### Work instructions:
Here is the task for the records below: repeat exactly the lines from the one with "広くて快適なトイレ。ここにもさまざまなコレクションが並ぶ。" to the one with "Ponton pour accéder", both included, and nothing else.

**** Dataset entries ****

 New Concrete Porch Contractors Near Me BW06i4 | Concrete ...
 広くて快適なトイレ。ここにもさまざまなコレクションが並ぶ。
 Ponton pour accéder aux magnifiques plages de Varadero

****
**** Dataset entries ****

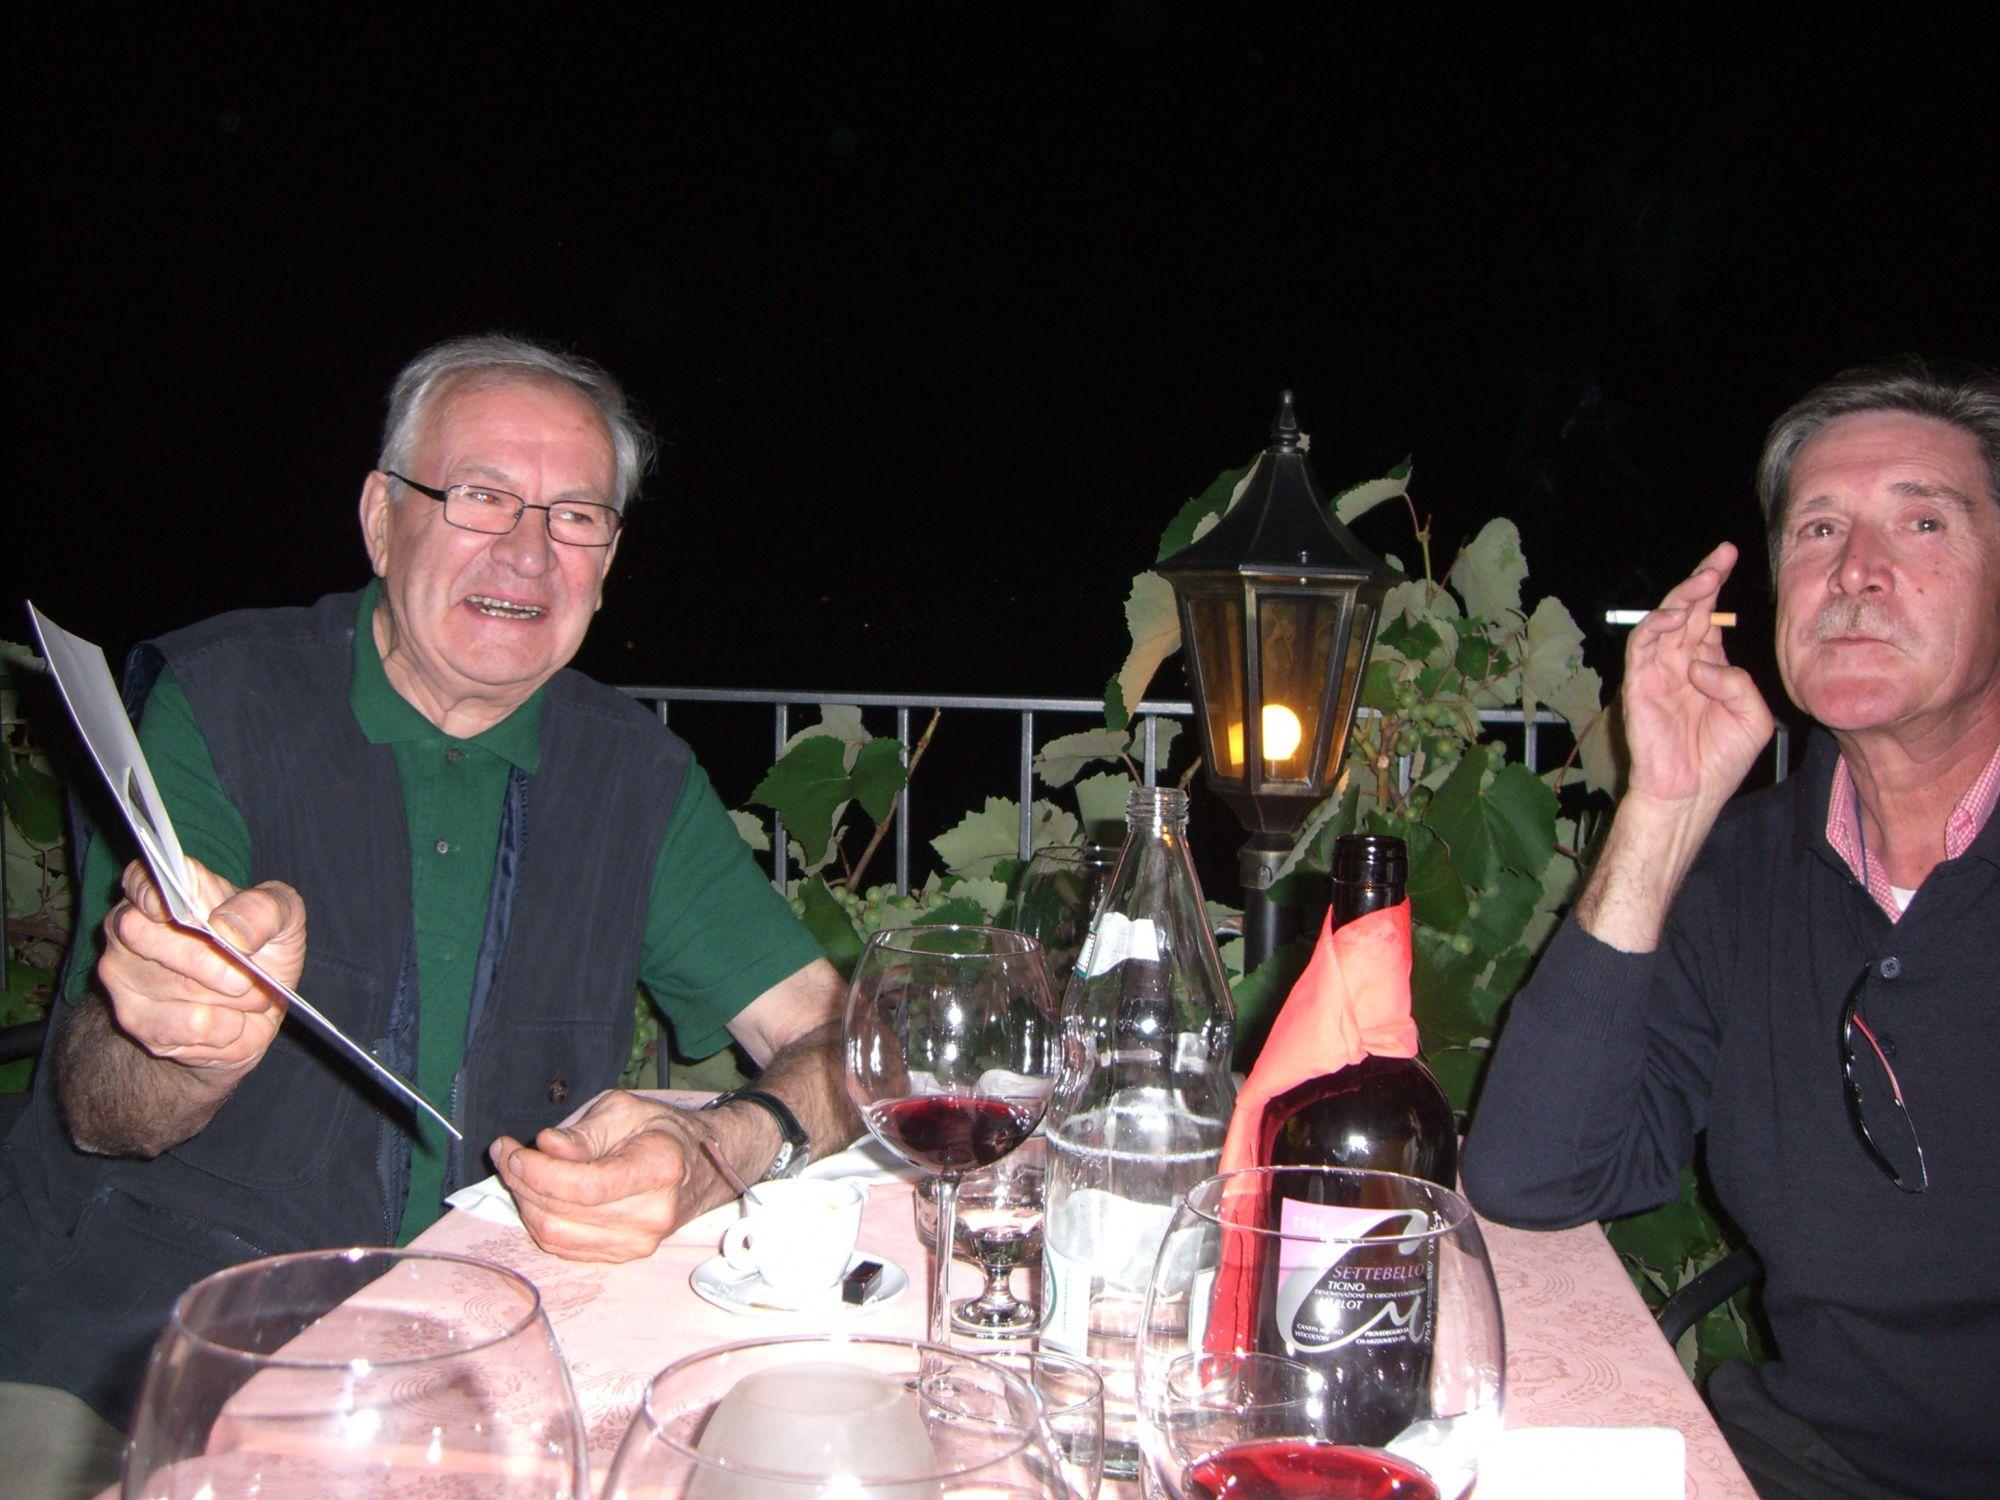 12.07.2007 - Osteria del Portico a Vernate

****

### Task answer:
 広くて快適なトイレ。ここにもさまざまなコレクションが並ぶ。
 Ponton pour accéder aux magnifiques plages de Varadero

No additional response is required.